Studying the entire membrane significantly increases the system's complexity and complicates data interpretation. Therefore, the project required developing and optimizing stable and reliable in-vitro systems that closely mimic the biological environment in a controlled setting. Spike proteins were immobilized on liposomes, which are small artificial lipid vesicles resembling the viral envelope that surrounds SARS-CoV-2 particles. This system allowed for high purity, precise control over their composition, and easy comparison between variants. The binding of these liposomes was studied on a supported lipid bilayer, a lipid membrane formed above a glass substrate, produced from the cell membrane. These "native" bilayers maintain the cell membrane composition but are stable over time, unlike living cells which react to external stimuli. They are also compatible with highly sensitive biophysical and microscopy techniques needed for measurements at the single particle and molecule level. Throughout the project, we employed total internal reflection microscopy, a technique that focuses on imaging the sample surface with extremely high sensitivity, to study the binding of single particles, and atomic-force microscopy (AFM) to analyse single molecular bonds.

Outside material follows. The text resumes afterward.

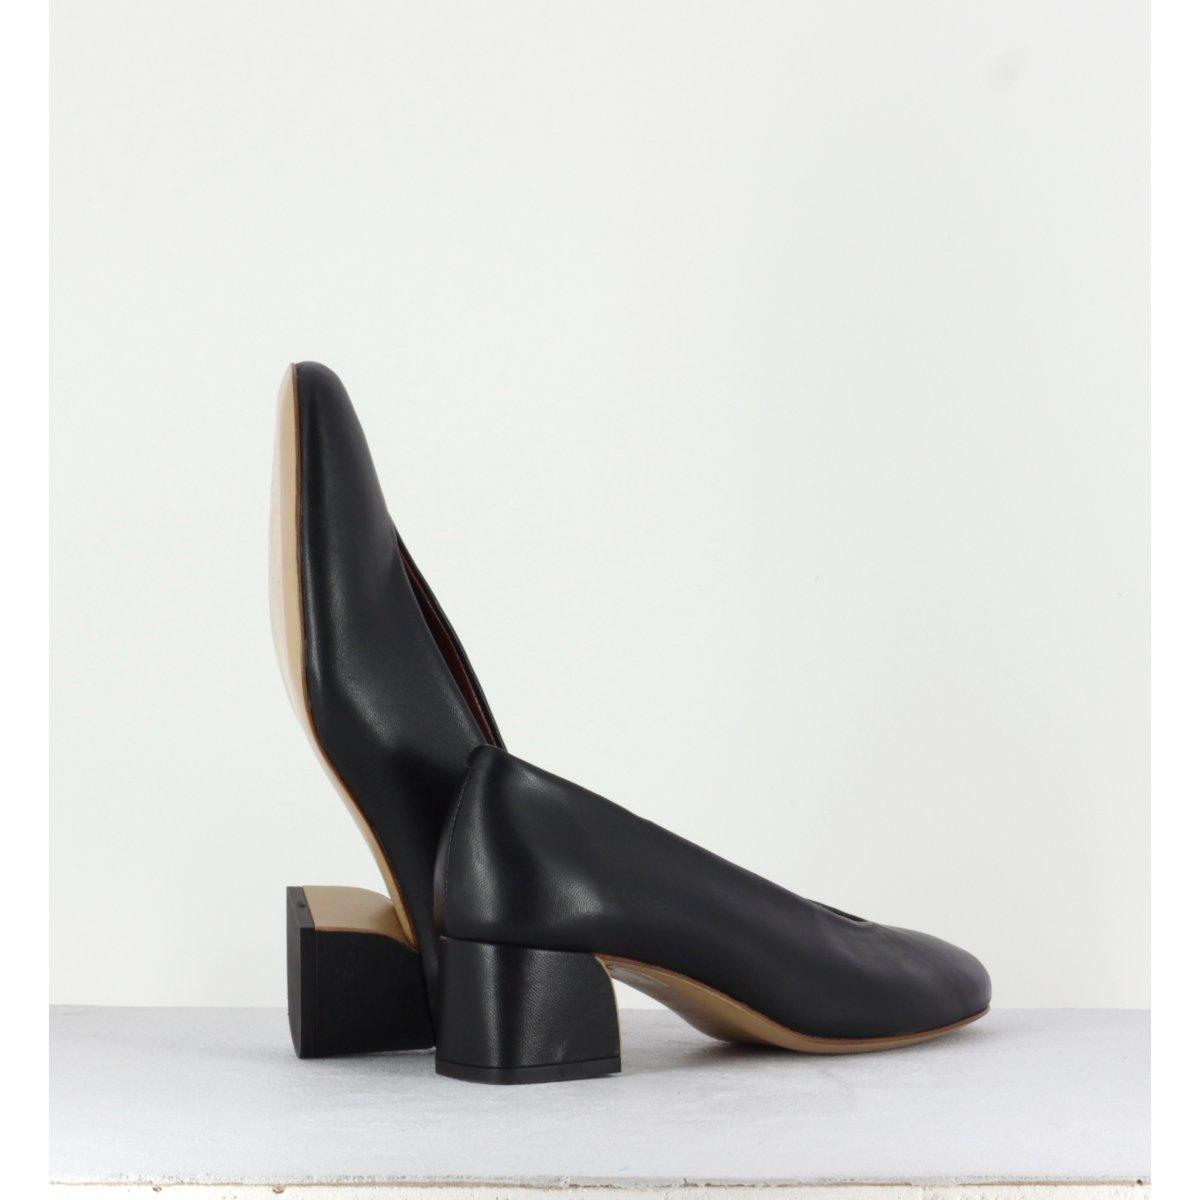 Escarpins à talons noir ROPE N2N- Avril Gau

The study included the original SARS-CoV-2 strain isolated in Wuhan and three widespread variants: Alpha, Delta, and Omicron (BA.1). The first result is a clear increase in virus binding to pulmonary cells for Omicron compared to earlier variants. Analysis of the binding kinetics—how fast the virus attaches to and leaves the cell membrane—revealed that the increase is due to faster binding. This suggested the increased use by Omicron of a common molecule on the cell surface, offering many attaching points, and thus fast binding.

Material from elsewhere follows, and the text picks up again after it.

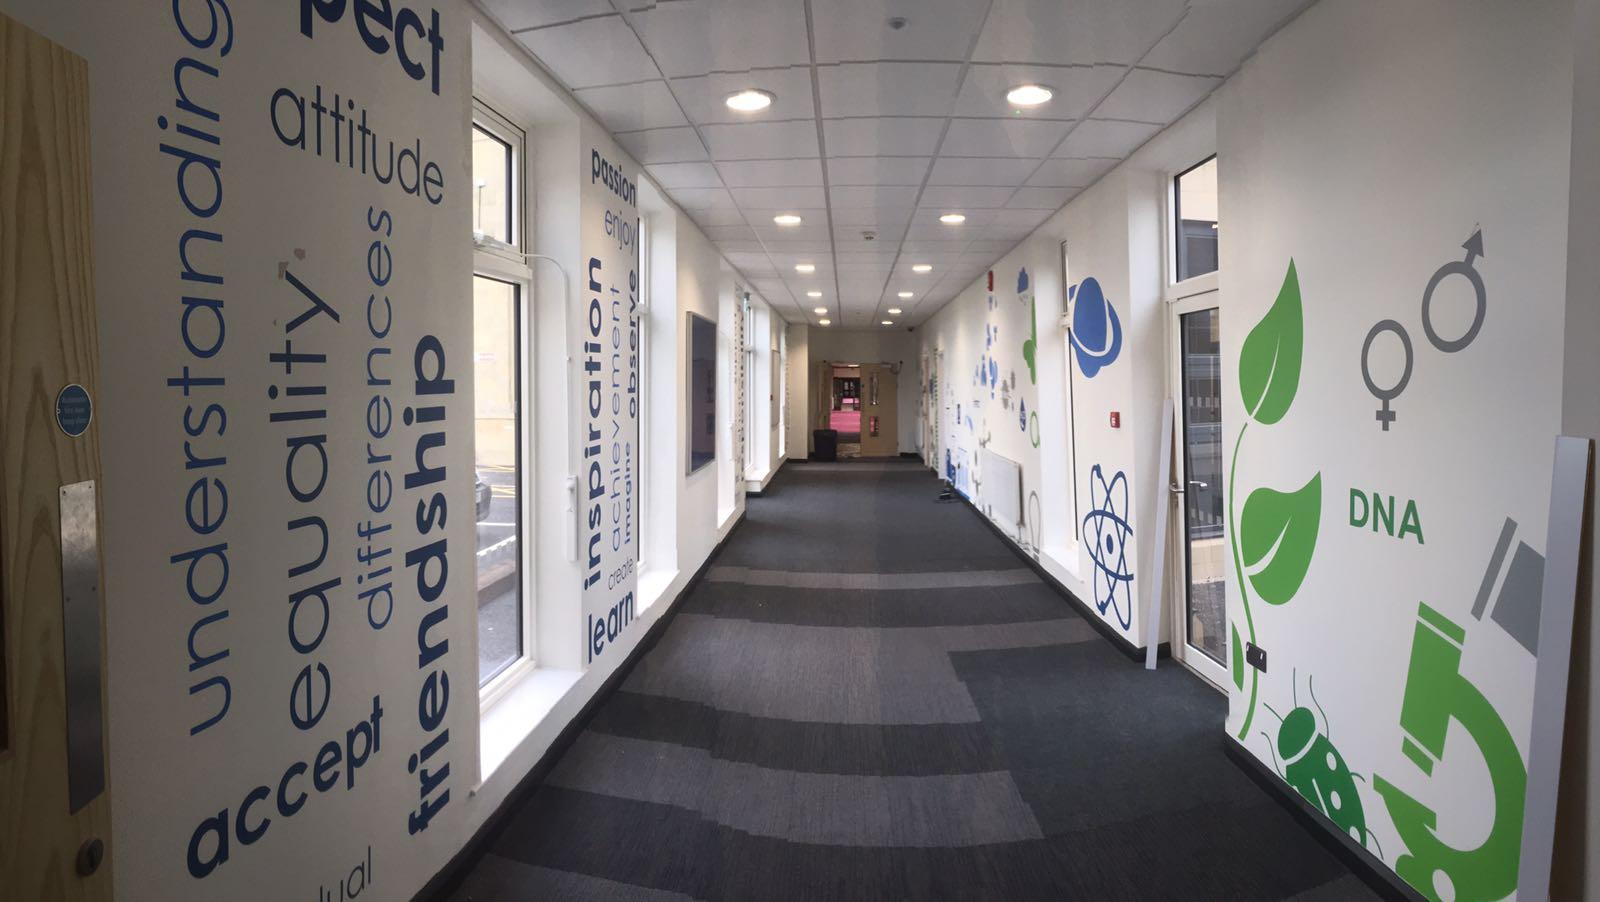 School interior graphics

HS was identified as a major factor in the increased interaction with the virus. Initially, HS had a weak interaction with early variants of the virus and removing HS from the cell surface increased virus binding for all variants except Omicron. This is likely because HS's long sugar chain hides SARS-CoV-2's main receptor, ACE2. However, Omicron has a 10-fold increase in affinity for HS, making it an important binding factor. Single molecule studies using AFM confirmed this increased affinity for Omicron and revealed subtle differences in the Alpha and Delta variants. These differences may help the virus anchor to the surface via HS but also increase its mobility, improving its chances of engaging ACE2.